Kontaminasi Parasit Kontaminasi parasit dapat timbul hanya jika donor menderita parasitemia pada saat pengumpulan darah. Kri-teria se leksi donor berdasarkan riwayat bepergian terakhir, tempat tinggal terdahulu, dan daerah endemik, sangat mengurangi kemungkinan pengumpulan darah dari orang yang mungkin menularkan malaria, penyakit Chagas atau leismaniasis.
4. Transfusi Darah Masif Transfusi masif adalah penggantian sejumlah darah yang hilang atau lebih banyak dari total volume darah pasien dalam waktu <24 jam (dewasa: 70 ml/kg, anak/ bayi: 80-90 ml/kg). Morbiditas dan mortalitas cenderung meningkat pada beberapa pasien, bukan disebabkan oleh banyaknya volume darah yang ditransfusikan, tetapi karena trauma awal, kerusakan jaringan dan organ akibat perdarahan dan hipovolemia. Seringkali penyebab dasar dan risiko akibat perdarahan mayor yang menyebabkan komplikasi, dibandingkan dengan transfusi itu sendiri. Namun, transfusi masif juga dapat meningkatkan risiko komplikasi.

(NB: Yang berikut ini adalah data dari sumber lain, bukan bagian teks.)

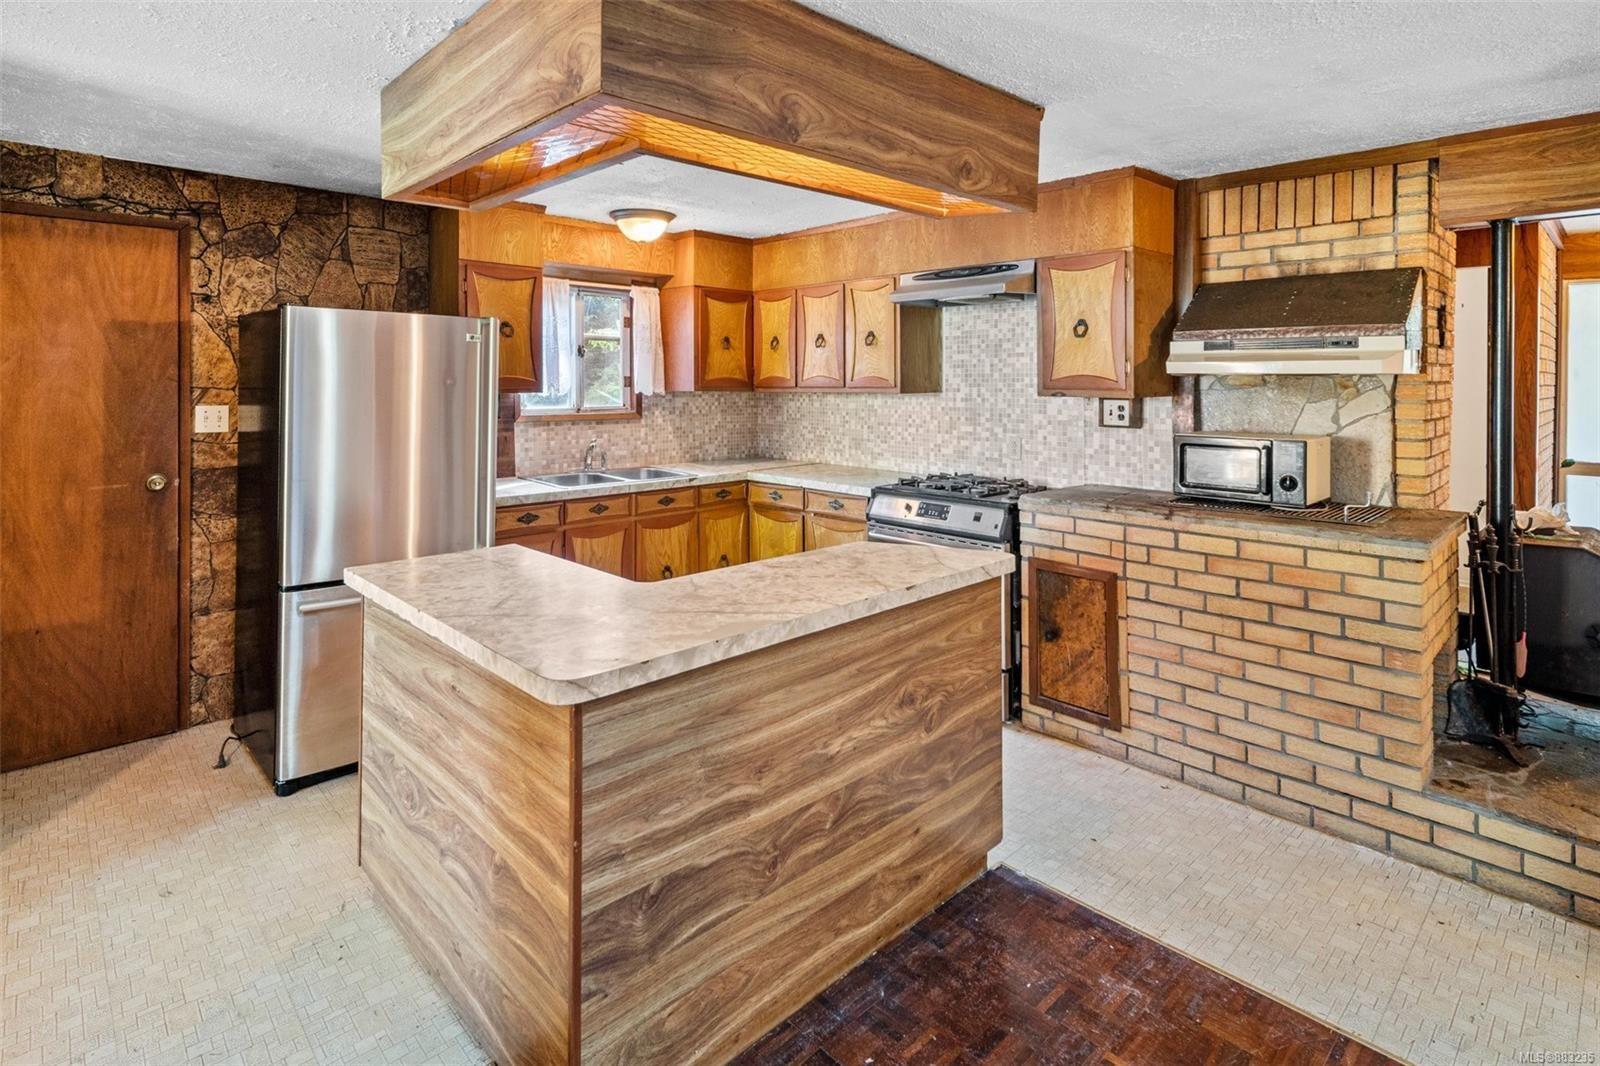 Photo 17: Photos: 6542 Thornett Rd in : Sk East Sooke House for sale (Sooke)  : MLS®# 883235
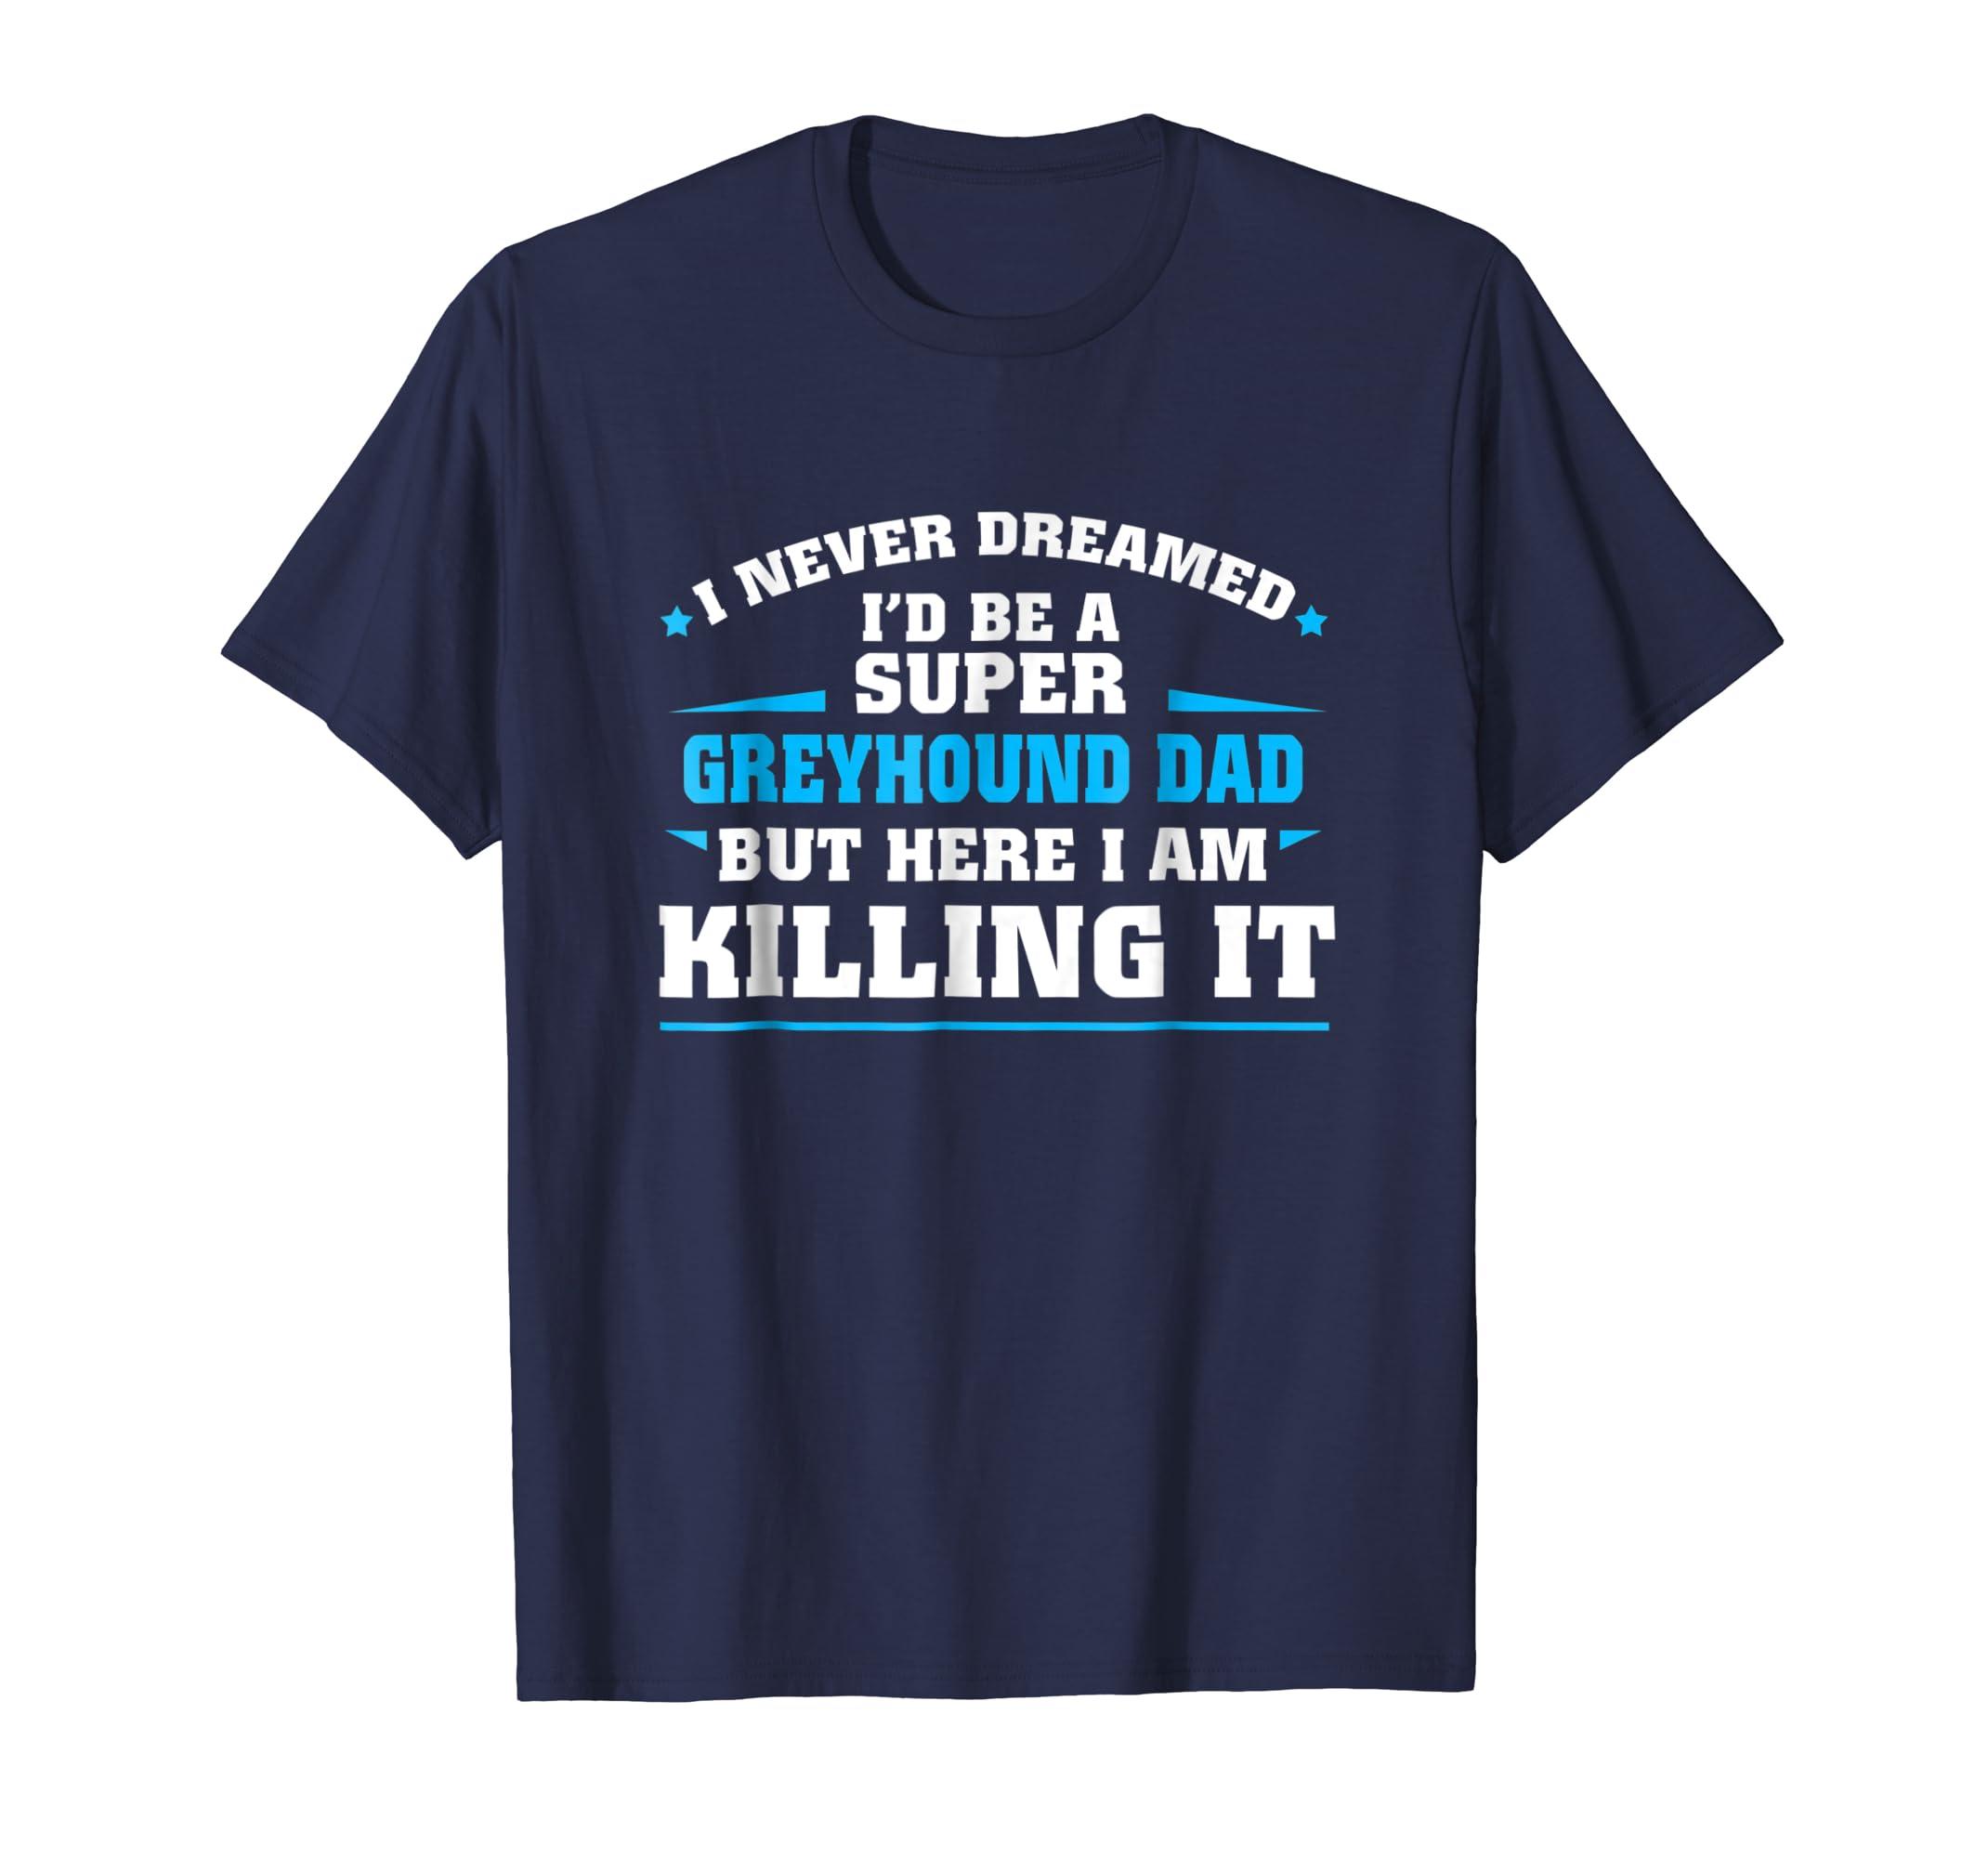 I Never Dreamed I'd be a Super GREYHOUND DAD Funny T-shirt-ANZ

Hiperkalemia Penyimpanan darah menyebabkan konsentrasi kalium ekstraselular meningkat, dan akan semakin meningkat bila semakin lama disimpan.
Keracunan Sitrat dan Hipokalsemia Keracunan sitrat jarang terjadi, tetapi lebih sering terjadi pada transfusi darah lengkap masif. Hipokalsemia terutama bila disertai dengan hipotermia dan asidosis dapat menyebabkan penurunan curah jantung (cardiac output),
bradikardia dan disritmia lainnya. Proses metabolisme sitrat menjadi bikarbonat biasanya berlangsung cepat, oleh karena itu tidak perlu menetralisir kelebihan asam.
Kekurangan fibrinogen dan faktor koagulasi Plasma dapat kehilangan faktor koagulasi secara pro-gresif selama penyimpanan, terutama faktor V dan VIII, kecuali bila disimpan pada suhu 25°C atau lebih rendah. Pengenceran (dilusi) faktor koagulasi dan trombosit terjadi pada transfusi masif.
Kekurangan Trombosit Fungsi trombosit cepat menurun selama penyimpanan darah lengkap dan trombosit tidak berfungsi lagi setelah disimpan 24 jam.
DIC DIC dapat terjadi selama transfusi masif, walaupun hal ini lebih disebabkan alasan dasar dilakukannya transfusi (syok hipovolemik, trauma, komplikasi obstetrik). Terapi ditujukan untuk penyebab dasarnya.
Hipotermia Pemberian cepat transfusi masif yang langsung berasal dari pendingin menyebabkan penurunan suhu tubuh yang bermakna. Bila terjadi hipotermia, berikan perawatan selama berlangsungnya transfusi.
Mikroagregat Sel darah putih dan trombosit dapat beragregasi dalam darah lengkap yang disimpan membentuk mikroagregat. Selama transfusi, terutama transfusi masif, mikroagregat ini menyebabkan embolus paru dan sindrom distress pernapasan. Penggunaan buffy coat-depleted packed red cell akan menurunkan kejadian sindrom tersebut.